Leg length and risk of cancer in the Boyd Orr cohort

D J Gunnell a, G Davey Smith a, J M P Holly b, S Frankel a
PMCID: PMC28716  PMID: 9812931

Height is directly associated with mortality from cancer,1 but the explanation for this association is unclear. Whereas adult height is a marker of nutrition and health throughout childhood, most growth before puberty is due to increases in leg length. Leg length can therefore be used as a marker for exposures that generate the association between adult height and cancer.1,2 We examined the association between prepubertal leg length and mortality from cancer in the Boyd Orr cohort.2,3

Subjects, methods, and results

As childhood height is affected by the timing of puberty we restricted our analysis to study members who were aged 2-8 years when their height and leg length were measured. In all, 1167 of these 1392 subjects (84%) were traced and had information on childhood and adult socioeconomic status, and they form the basis of this analysis. Using Cox’s proportional hazards models we examined mortality from cancer between 1948 and 1997 in relation to internally derived z scores for childhood leg length.2 All traced subjects were included in these models up to the time of their death or emigration. To adjust for possible genetic factors associated with overall stature all models also include a term for trunk length z score. The z score (standard deviation score) expresses a child’s measurement as the number of standard deviations its value is from the mean for its age and sex. In these analyses each unit of the z score is approximately equivalent to 3-4 mm (the standard deviation for leg length in these children).

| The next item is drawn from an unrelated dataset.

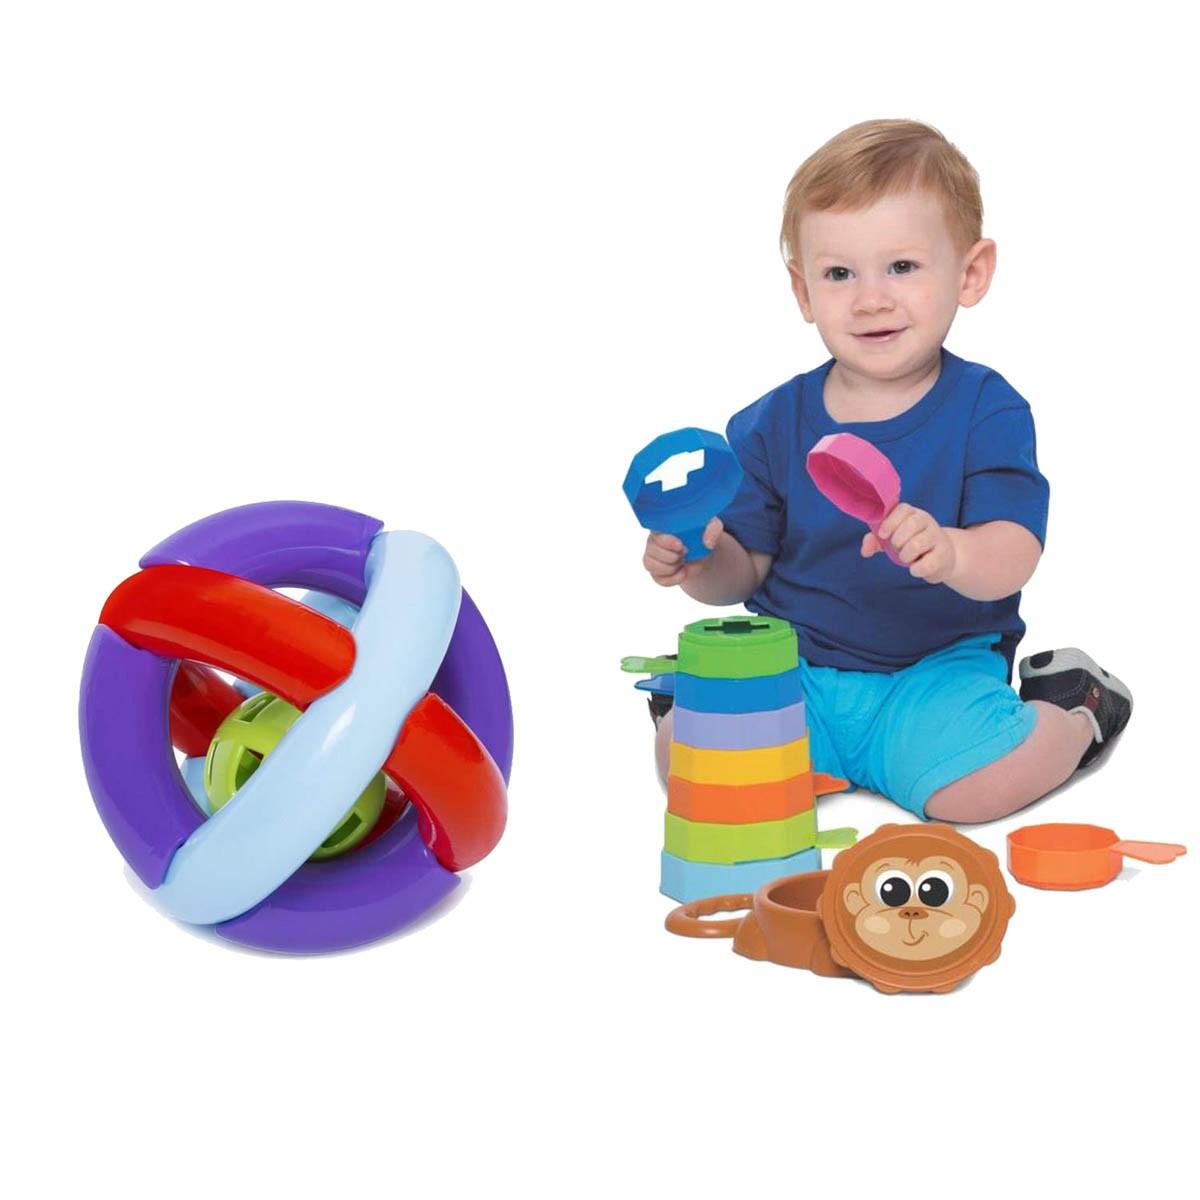 Kit de Brinquedos para Bebês de 6 meses

We classed cancers as related to smoking (codes 140, 141, 143-9, 150, 157, 160-3, 188-9 of the international classification of diseases, ninth revision (ICD-9)) and not related to smoking (all other malignant neoplasms, but mainly colorectal, breast, and ovarian cancers). We further divided cancers unrelated to smoking into sex hormone dependent (174 (breast), 179 (uterus), 182-7 (ovary, prostate, and other genital organs)) and non-sex hormone dependent (all other cancers unrelated to smoking).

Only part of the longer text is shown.